First, we will focus below on upper ocean ventilation (upper two green boxes in Fig. 2), associated with the subduction of mode and intermediate waters feeding the subtropical gyres. We look at the region entitled “SAMW/AAIW” in the Southern Ocean (indicating Subantarctic Mode Waters and Antarctic Intermediate Waters), in a zonal average framework. These water masses feed the upper limb of the Southern Ocean upper cell, subducting surface properties and changing along their way (Morrison et al. 2022). In the North Atlantic, we look at the North Atlantic Subtropical Mode Waters (NASTMW), also known as Eighteen Degree Waters (Talley and Raymer 1982). These two regions are very well ventilated in the model, as seen by the seawater age tracer (Fig. 2).
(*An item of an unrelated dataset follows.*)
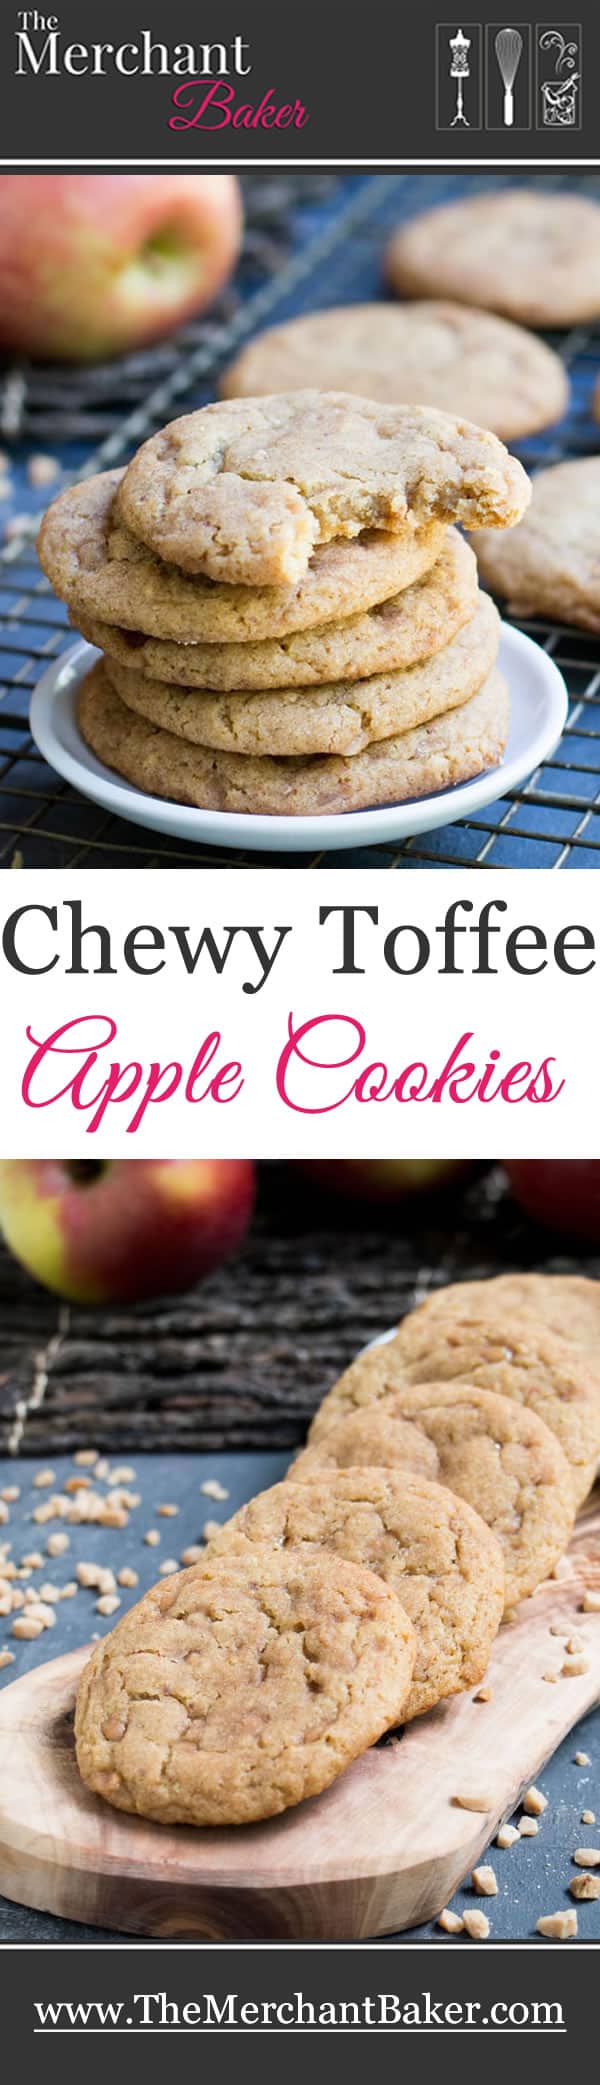 Chewy Toffee Apple Cookies

Next, we will focus on the export pathways associated with the formation of Antarctic Bottom Waters (AABW) and North Atlantic Deep Waters (NADW) (see the lower two green boxes in Fig. 2). AABW and NADW are the two most prominent water masses found in the ocean (Johnson 2008), feeding the lower limbs of the MOC. They flow equatorward from their formation region, occupying the abyssal and deep layers respectively, before being mixed with surrounding overlying water masses or transported upward by wind-induced upwelling (Marshall and Speer 2012). Note that we adopt an Eulerian view, with fixed geographical regions, to investigate how these climatologically well-ventilated areas of the ocean are affected in their heat storage response by different types of change, along with the time scales of emergence of these forced signals from internal variability. We leave a more specific water mass tracking framework (e.g., Sallée et al. 2013) for potential future work.

a. Upper-ocean ventilation

We present the evolution of temperature anomaly averaged in the SAMW/AAIW and NASTMW regions in Fig. 7. The total warming is shown by the dark red curve representing the ALL experiment and by the orange spread representing the large ensemble. The ALL response in the SAMW/AAIW region is well within the spread of the large ensemble and has a similar evolution as the ensemble mean. This warming signal in SAMW/AAIW, starting early in the twentieth century, is dominated by added heat (Ta|ALL, dark red dotted line). It is slightly damped by a small redistributive cooling (difference between the dotted and solid dark red lines). This redistributive cooling stems in the most part from the redistribution caused by the heat flux perturbation (difference between the dotted and solid light red lines), consistent with increased surface stratification preventing the downward spread of heat. Wind stress and freshwater perturbations redistribute heat in such a way that wind stress tends to warm SAMW/AAIW, while freshwater tends to cool them (consistent with Fig. 4), almost compensating each other. But we see here that although their impact on temperature is nonnegligible at the end of the twenty-first century, they start showing an influence on temperature decades after the heat flux perturbation (Fig. 7a).

Fig. 7.
Fig. 7.

(a),(b) Temperature anomalies and (c),(d) corresponding ToE at different thresholds in the (left) SAMW/AAIW and (right) NASTMW regions. The orange shading corresponds to the envelope of the large ensemble (LE). Each colored line/circle represents an ocean-only experiment (see legend). Anomalies in the experiments are expressed relative to the CTL at each time step to remove the maximum effects of internal variability, and expressed relative to 1850–99 in the LE [orange shading in (a) and (b)]. The dotted lines in (a) and (b) are Ta , representing the added heat in CTL (or passive heat; black), ALL (dark red), and HEAT (light red). The difference between Ta in the perturbed experiments and CTL corresponds to the nonlinear added heat (the effect of the perturbed transport acting on the added heat). The decomposition of temperature changes at the end of the century is shown by the arrows on the right side of the axis for ALL in (a) and HEAT in (b). The ToE is shown only for Ta|CTL for visual purposes (black triangle). The gray shading in (a) and (b) is ±2σintermember in the LE temperature (before anomalies are computed), meaning that when a temperature anomaly line crosses that threshold for the last time this corresponds to the ToE for SNR > 2 (we propagate the σintermember value in 2059 in the last 41 years for signal detection in the ocean-only experiments). The distribution of ToE in the LE is shown both by the orange box plots (whiskers represent the 5th and 95th percentiles of the distribution; outliers are represented by orange crosses) and by the orange shaded violin plots.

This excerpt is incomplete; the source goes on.